»»

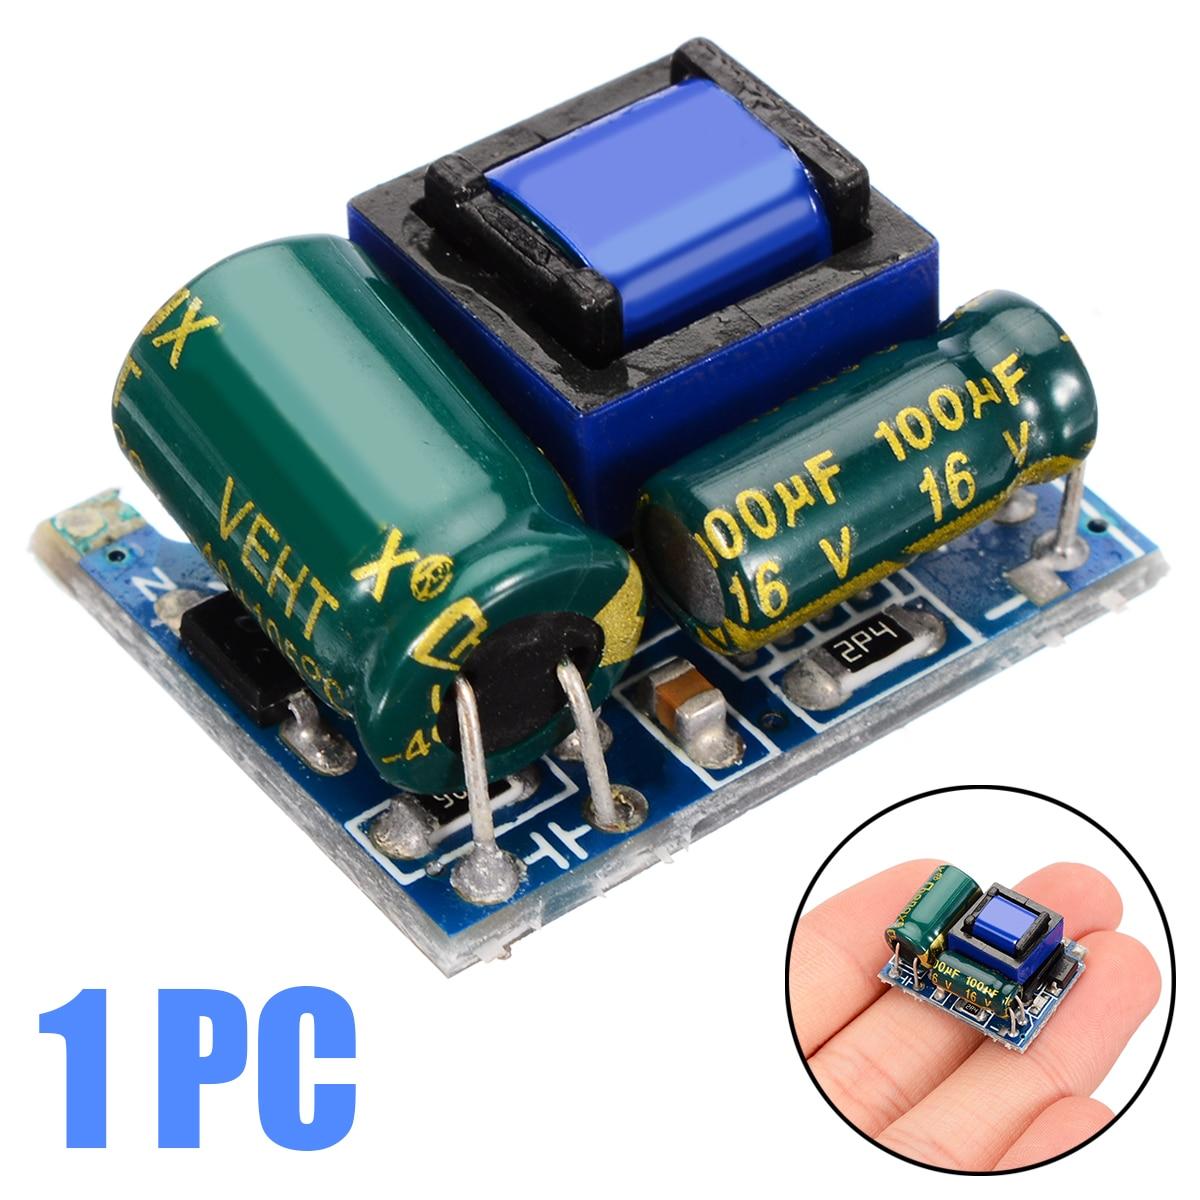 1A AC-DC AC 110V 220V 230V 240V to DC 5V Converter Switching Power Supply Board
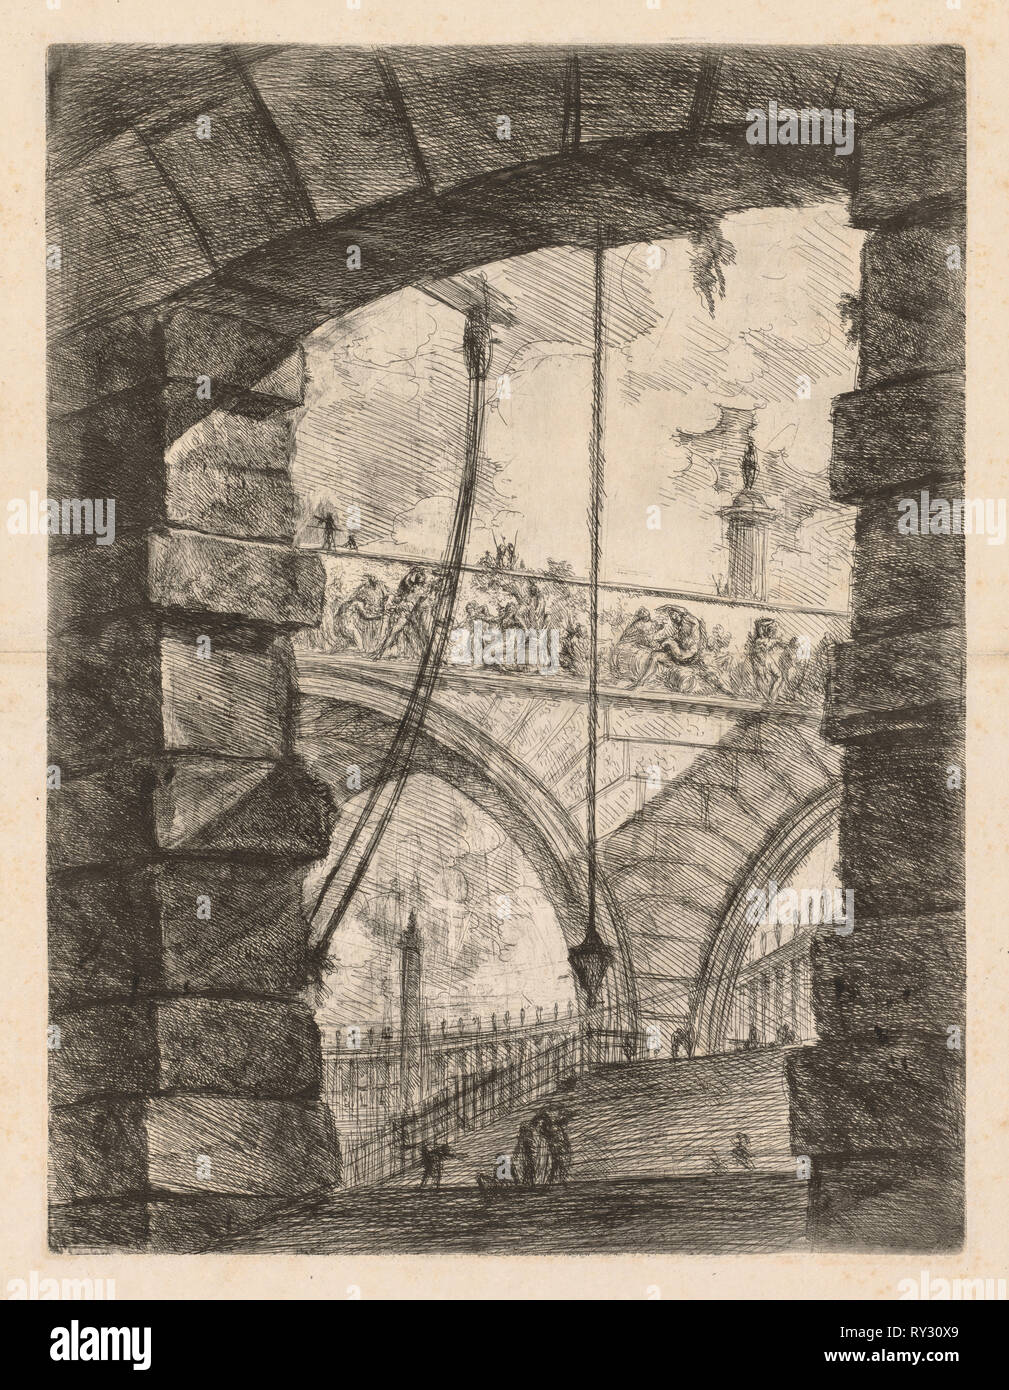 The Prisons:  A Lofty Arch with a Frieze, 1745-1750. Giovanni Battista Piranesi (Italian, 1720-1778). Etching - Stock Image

««
»»

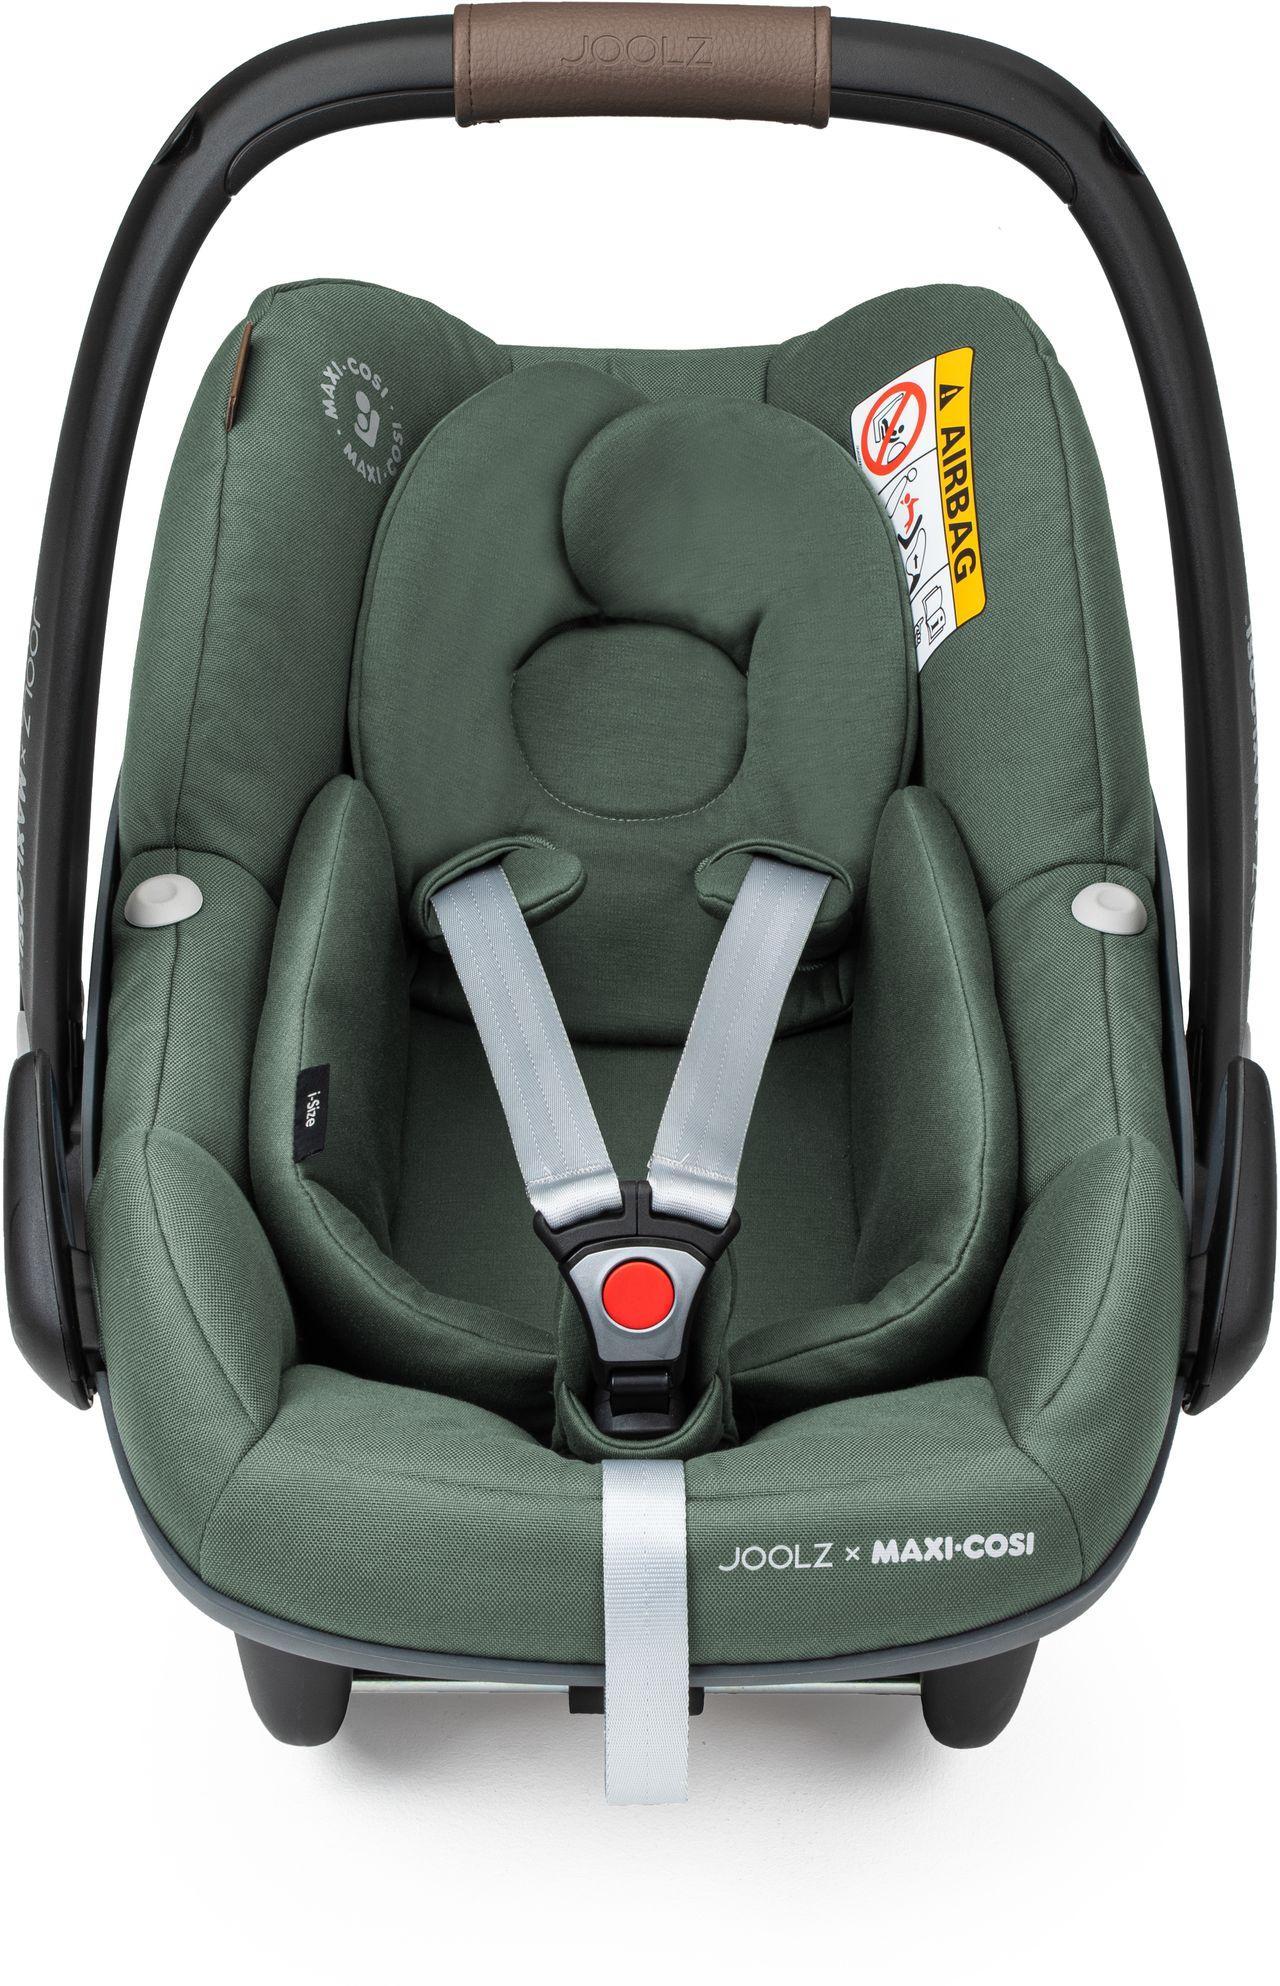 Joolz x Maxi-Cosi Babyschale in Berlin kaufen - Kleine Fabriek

««

EXERCISE PROMPT:
Restate word for word the lines of the data above that begin at the line with "1A AC-DC AC" and end at the line with "- Stock Image", keeping both ends and dropping every picture.

RESPONSE BOX:
 1A AC-DC AC 110V 220V 230V 240V to DC 5V Converter Switching Power Supply Board
 The Prisons:  A Lofty Arch with a Frieze, 1745-1750. Giovanni Battista Piranesi (Italian, 1720-1778). Etching - Stock Image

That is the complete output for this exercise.